I'm wanting to green screen something...and need an old desert type, Clint Eastwood Spaghetti Western type back drop I want to green screen a character into....but need the background footage.

Thoughts? Links?

Thanks in advance,

cayenne


----------



## cayenne (Mar 20, 2013)

Anyone? Anyone? Bueller?


----------



## lintoni (Mar 20, 2013)

Have you searched the Internet Archive?

http://archive.org/index.php

Try searching with desert or spaghetti western, you may end up lucky.


----------



## cayenne (Mar 21, 2013)

lintoni said:


> Have you searched the Internet Archive?
> 
> http://archive.org/index.php
> 
> Try searching with desert or spaghetti western, you may end up lucky.



Hmm..interesting, and thank you!


Hmm...but I was hoping more for something that would offer backgrounds specifically that were open source or Creative Commons licensed for use freely, even if for commercial use.

I'm usually good at ferreting out such things (I found most of my music so far this way for my videos), but am surprised I've not found good video footage for background or B-roll....

I may try to start to shoot some in the New Orleans area, and find somewhere to put that up...
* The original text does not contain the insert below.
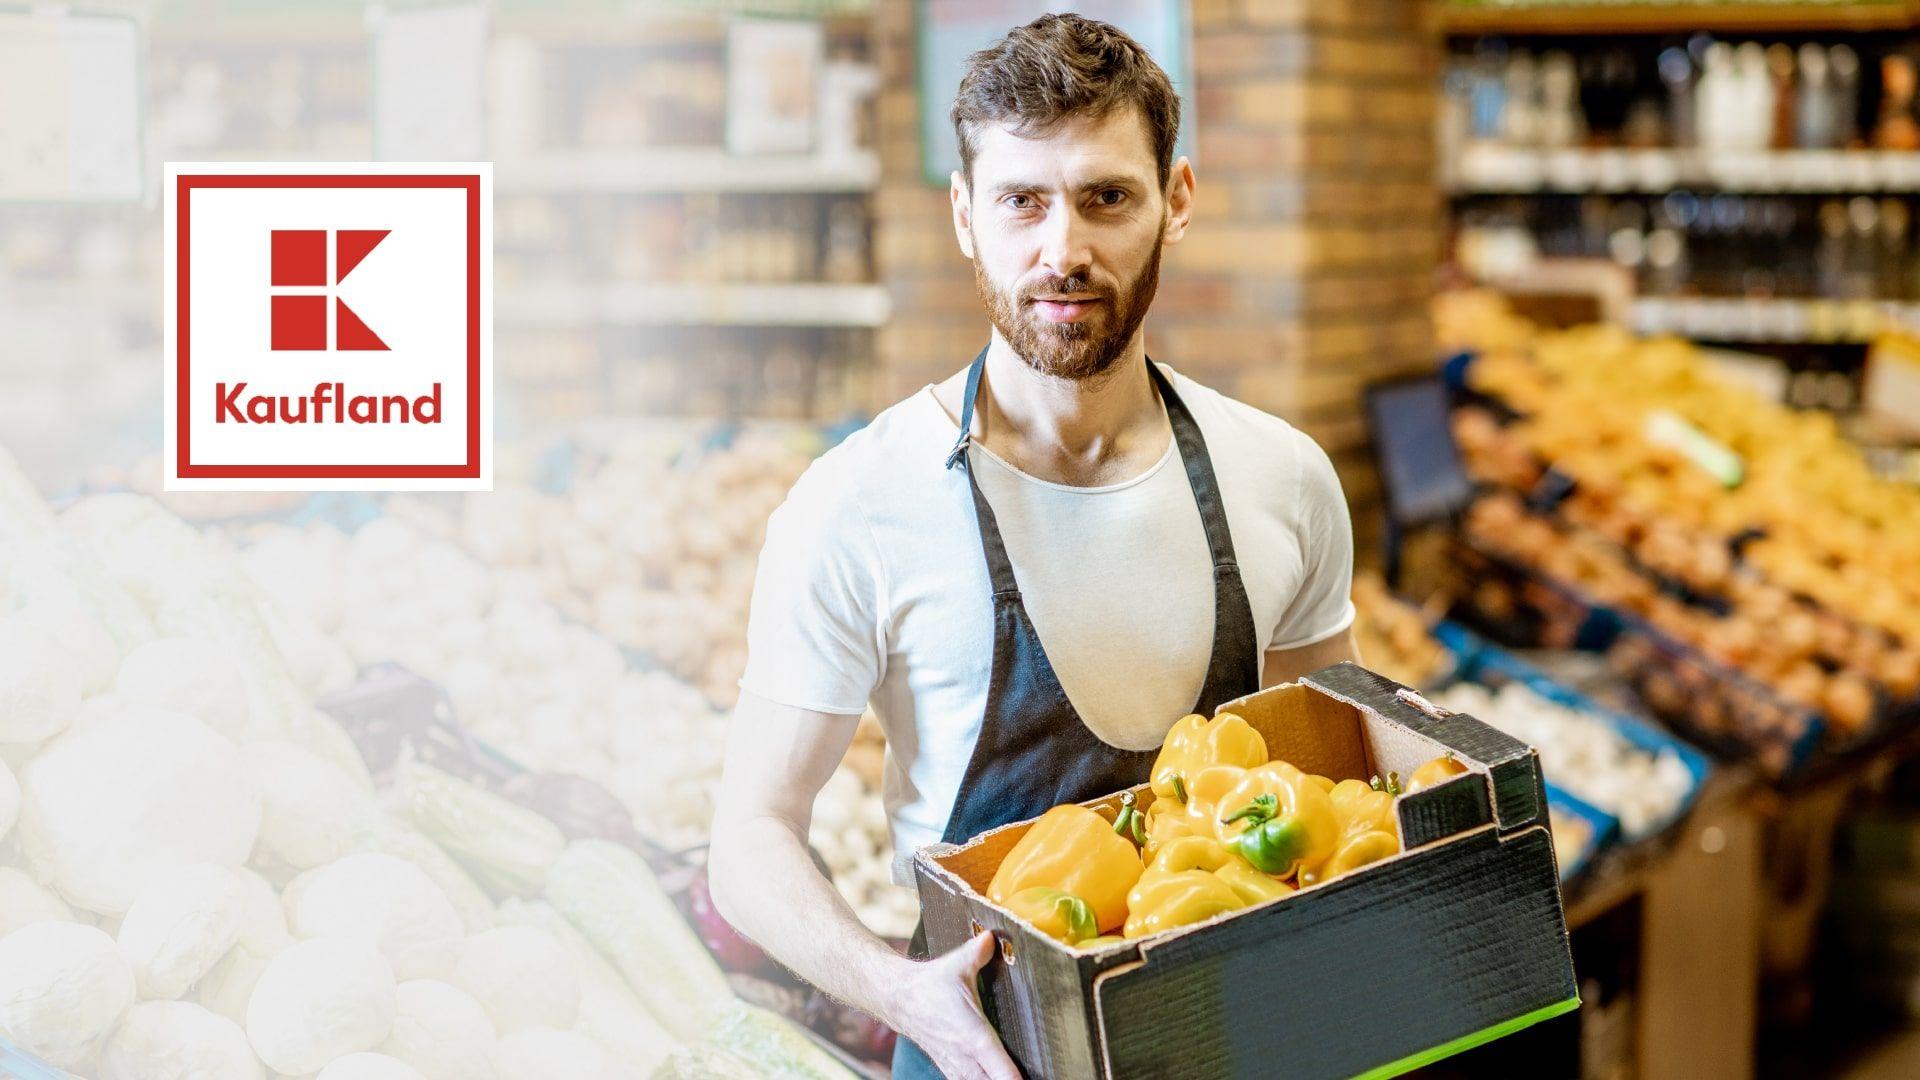 Kaufland connected with drivers to effectively boost brand engagement preview image

Anyway, still looking for more suggestions, but thank you for this one!

cayenne


----------



## phoenix7 (Mar 21, 2013)

There is one I heard about in passing, a microstock sort of site just for video.
I can't remember the name but it was mentioned in Leo Laporte's Triangulation interview with Jerry Pournelle.
Check Twit.tv for that episode. Sorry I can't be more precise, but it's a good interview anyhow.


----------



## paulv1958 (Mar 21, 2013)

Try searching "Desert background loop" in google. Several came up. Background loop search will get you most anything.


----------



## cayenne (Mar 21, 2013)

paulv1958 said:


> Try searching "Desert background loop" in google. Several came up. Background loop search will get you most anything.



ah..thank you...a bit better.

the _LOOP_ was a search term I wasn't thinking of....I did get more hits!!!

Thank you!


Any other links/suggestions out there?

My green screen will be a bit of a parody of the old Clint Eastwood spag westerns...I want to start with scene of boots walking on sandy west type thing, spurs jingling in background. Then figure walking (mostly torso) through western looking desert....and on reveal with head on shot...looking up with the cowboy hat coming up to reveal the face, and then my best Clint impression...etc.


Again, thanks for all the ideas and help....all suggestions welcome!

cayenne


----------